To say that makes me feel successful is an understatement. I'm still grieving and will be for quite a while, but I'm sure Bobby would be nodding and saying, "Yup, Dawn does dump all her emotions on the page. Doesn't surprise me."
Being a writer often isn't easy.
Peace,
D
September 15, 2016
GIVEAWAYS!
FINALLY, I have all of my backlist up on Amazon and Goodreads, so now I'm paying attention to Giveaways.
Currently active Giveaways include one for FOXGLOVE, the international romantic suspense about two best friends who globe-trot the world for exciting stories and end up falling into one that changes their lives AND The Writer's Hand Journal: Characterization, a journal filled with 100 quotes from the best novels that writers/readers can emulate or simply read for pleasure (2 blank pages with each quote allow you to write a response or create a character of your own!)
Good luck in the Giveaways! I'd love to hear your opinion about all of my books, so please review them :-)
Foxglove
The Writer's Hand Journal: Characterization
Currently active Giveaways include one for FOXGLOVE, the international romantic suspense about two best friends who globe-trot the world for exciting stories and end up falling into one that changes their lives AND The Writer's Hand Journal: Characterization, a journal filled with 100 quotes from the best novels that writers/readers can emulate or simply read for pleasure (2 blank pages with each quote allow you to write a response or create a character of your own!)
Good luck in the Giveaways!
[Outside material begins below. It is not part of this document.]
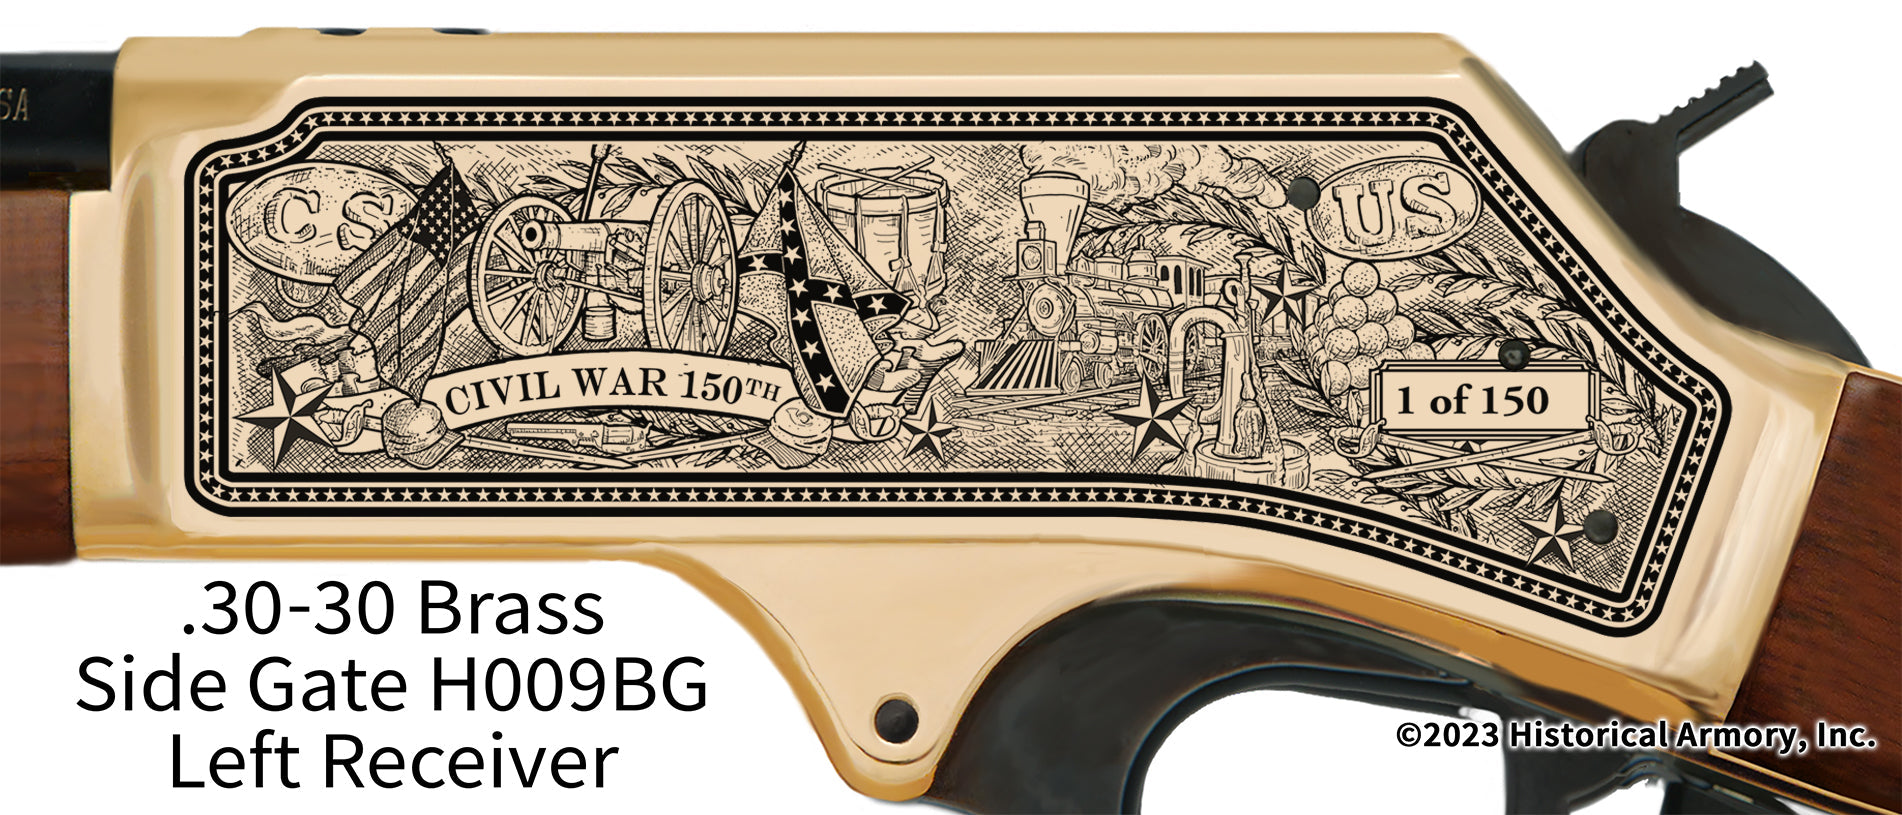 Civil War 150th Anniversary 1863 Limited Edition Henry .30-30

I'd love to hear your opinion about all of my books, so please review them :-)
Foxglove
The Writer's Hand Journal: Characterization
Published on September 15, 2016 09:54
•
Tags:
author, characterization, characters, goodreads-giveaway, international-intrigue, novel, suspense, women-s-fiction, writer-s-journals, writing
September 12, 2016
YA Giveaway -- AFTER ALWAYS

RW (Ralph Waldo) is a feisty, confused teen with a family basically built on oddities. Each of the kids is named after one of his parents' literary heroes (RW is short for Ralph Waldo Emerson, one of his sisters is Virginia Woolf (Ginny), another is Katharine Mansfield (Katie), and his brother is Robert Frost. As the oldest, RW feels responsible for his siblings, though they irritate him. He finds himself worried for them and forced into a steep learning curve in the lessons of being an adult.
After Always
There are 6 copies of the book available on my Goodreads Giveaway. I do hope you enter -- and if you win, I'd love some of your feedback!
Hope you're reading something fascinating -- if you are, let me know what it is!
Peace
Published on September 12, 2016 13:11
•
Tags:
back-story, characters, family-fiction, pedophilia, scandal, sex-abuse, voice, writing, ya, young-adult-novel
September 9, 2016
FREE Kindle version of ALL THAT GLITTERS
For those of who who are reading my blog, you're getting a very special gift :-) For FIVE days only, my highly-reviewed novel ALL THAT GLITTERS will be FREE in the Kindle version on Amazon. Sept 10-14 ONLY!
I promise that those of you who love women's fiction, a strong lead female, international locations, and a suspenseful, adventurous plot will fall in love with Diana Colucci and her friends and family.
Let me know what you think -- and ENJOY!
Peace
Dawn
https://www.amazon.com/That-Glitters-...
I promise that those of you who love women's fiction, a strong lead female, international locations, and a suspenseful, adventurous plot will fall in love with Diana Colucci and her friends and family.
Let me know what you think -- and ENJOY!